Taking a Wrecking Ball to Property Rights
There’s a famous photo from Tiananmen Square that has long captured the public imagination: In it, a single man in street clothes stands down a line of Chinese tanks rolling in to put down a protest.
The image came to mind this week while the supreme Court was hearing oral argument in Kelo v. New London, a property-rights case in which politics is being conducted by bulldozer.
The case involves a group of homeowners in New London, Connecticut, who are suing to prevent the city from condemning their homes in order to give the land to a real-estate developer. The developer intends to erect a private commercial spread, including luxury housing and private office space for such companies as drug giant Pfizer.
New London justifies its action under eminent domain, a constitutional power that allows government to take private property for “public use.” Historically, the power was intended to allow government to seize land it needed for things like roads or schools, as long as the owner was compensated. But in recent years, eminent domain has become the worst kind of corporate welfare, practiced at the expense of those who can least afford it.

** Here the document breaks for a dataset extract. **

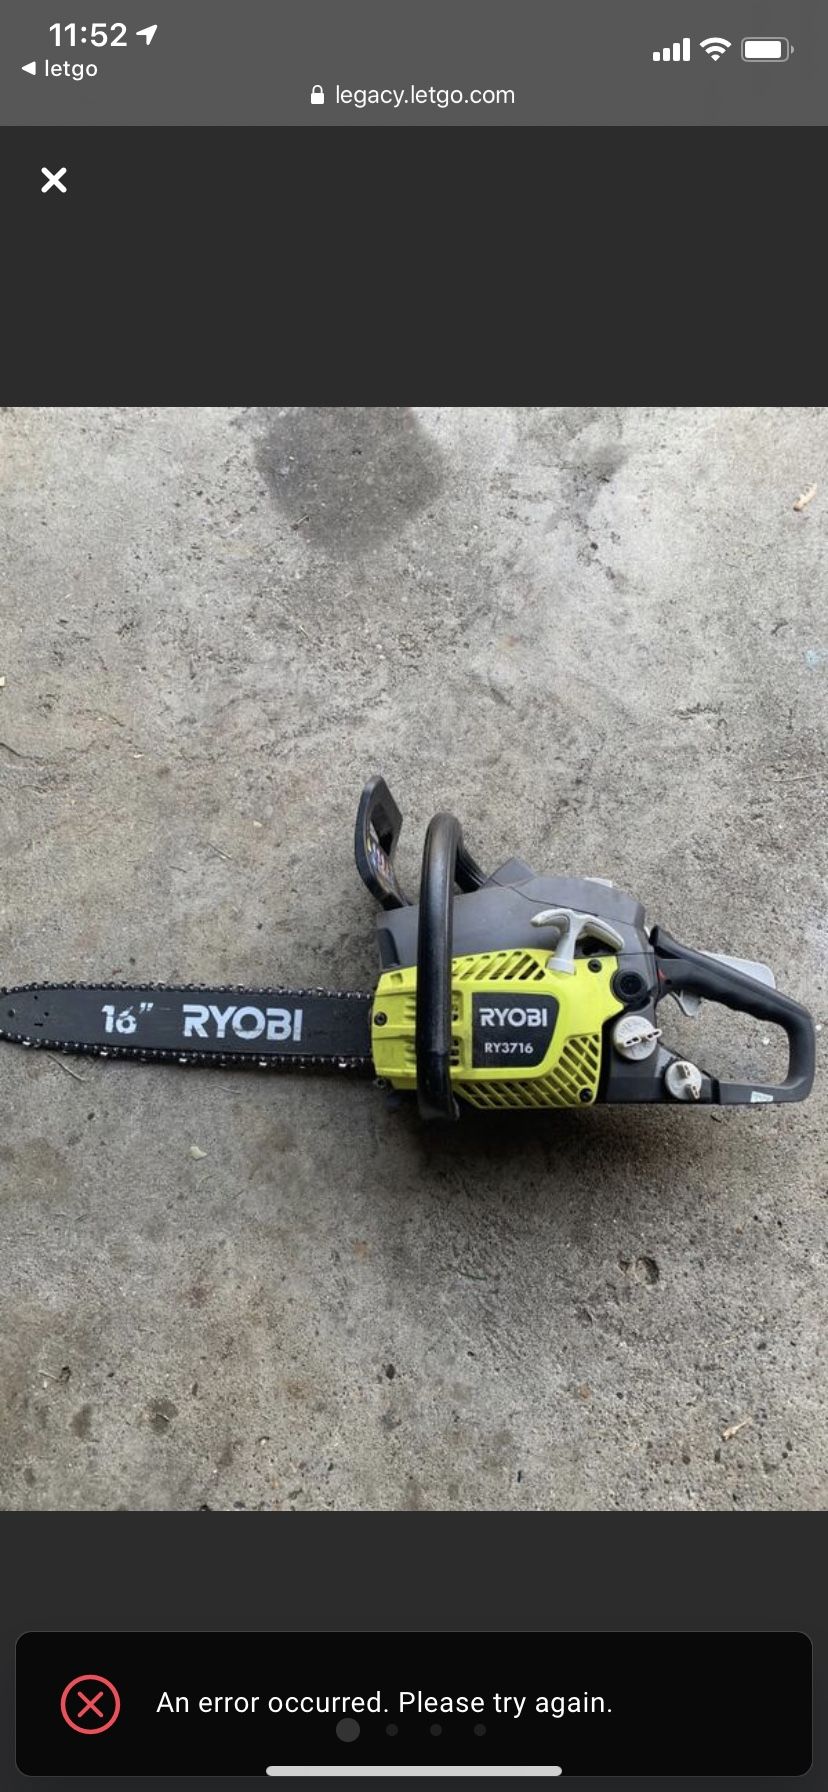 Ryobi chainsaw

In Kelo, the city justifies the seizure on the grounds that the new complex will contribute to urban renewal while raising the tax revenues the city receives from the property. Similar tactics have been used to condemn church property to make way for Costco (California), blocks of local residences to make way for shiny new malls (Ohio) and family land in favor of Nissan (Mississippi).
If it sounds like a litany of Robin Hood gone to the dark side, there’s more. Since the landmark 1981 case Poletown Neighborhood Council v. City of Detroit, in which the Michigan supreme Court ruled Detroit could condemn an entire community in the interest of giving its land to a new General Motors plant, abuse has been rampant. (The Michigan court has since [unanimously] reversed its decision, but the damage was done.) By one analysis, eminent domain was used more than 10,000 times between 1998 and 2002 to transfer title from one private owner to another.

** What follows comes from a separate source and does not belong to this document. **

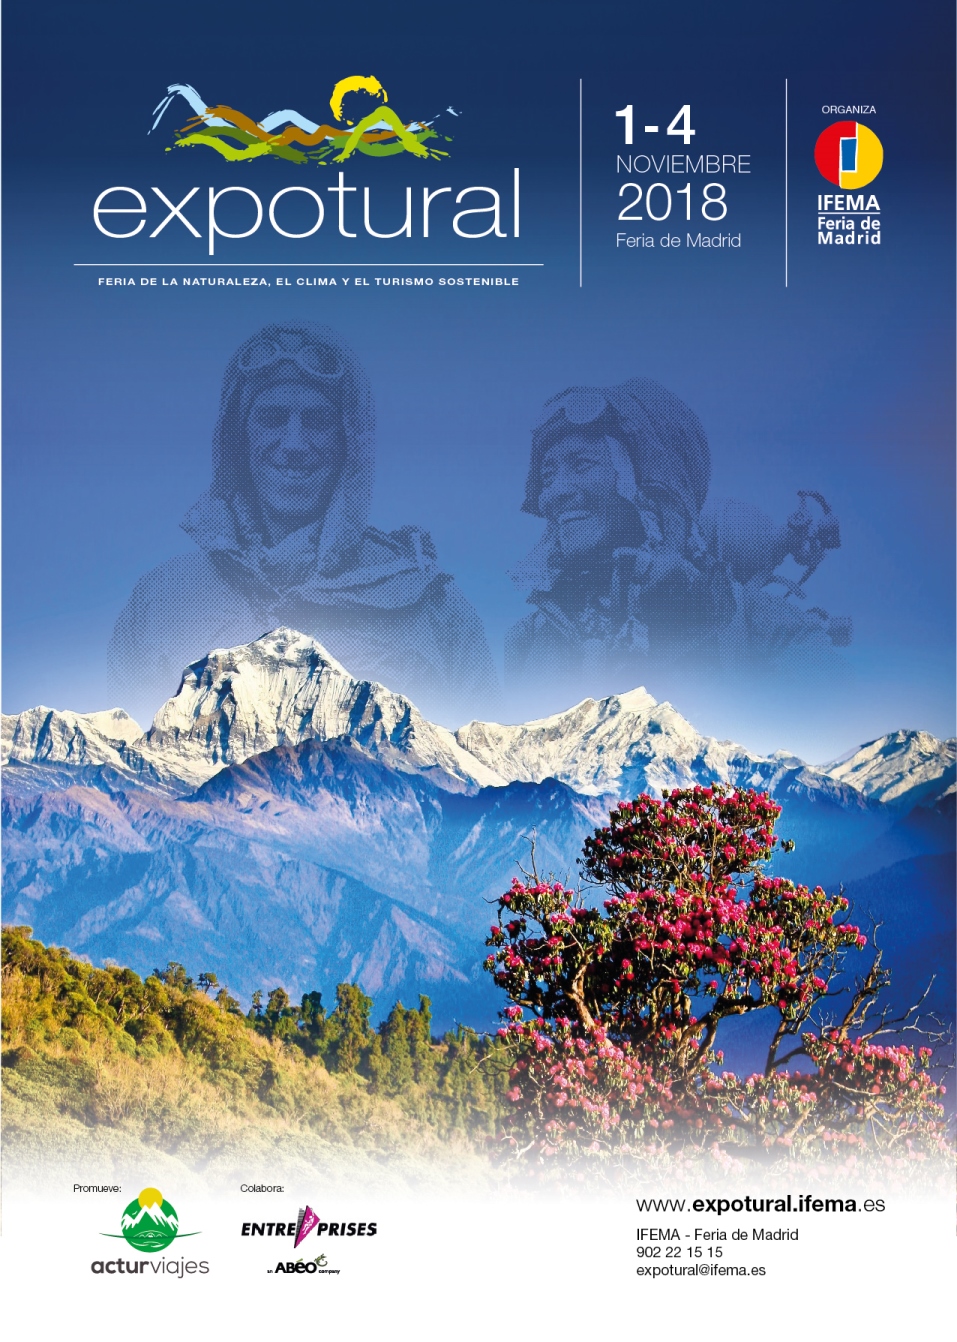 Expotural 2018, turismo de naturaleza y deportes de montaña

Some of the most common uses of the law have been on behalf of sports stadiums and casinos, which local governments tout as great community enhancers and revenue machines. But often, it is politically powerful companies that are the beneficiaries. In Pennsylvania, when H.G. Heinz wanted a new location, the city of Pittsburgh got on the horn and threatened to use its eminent domain powers to get it the plot it wanted.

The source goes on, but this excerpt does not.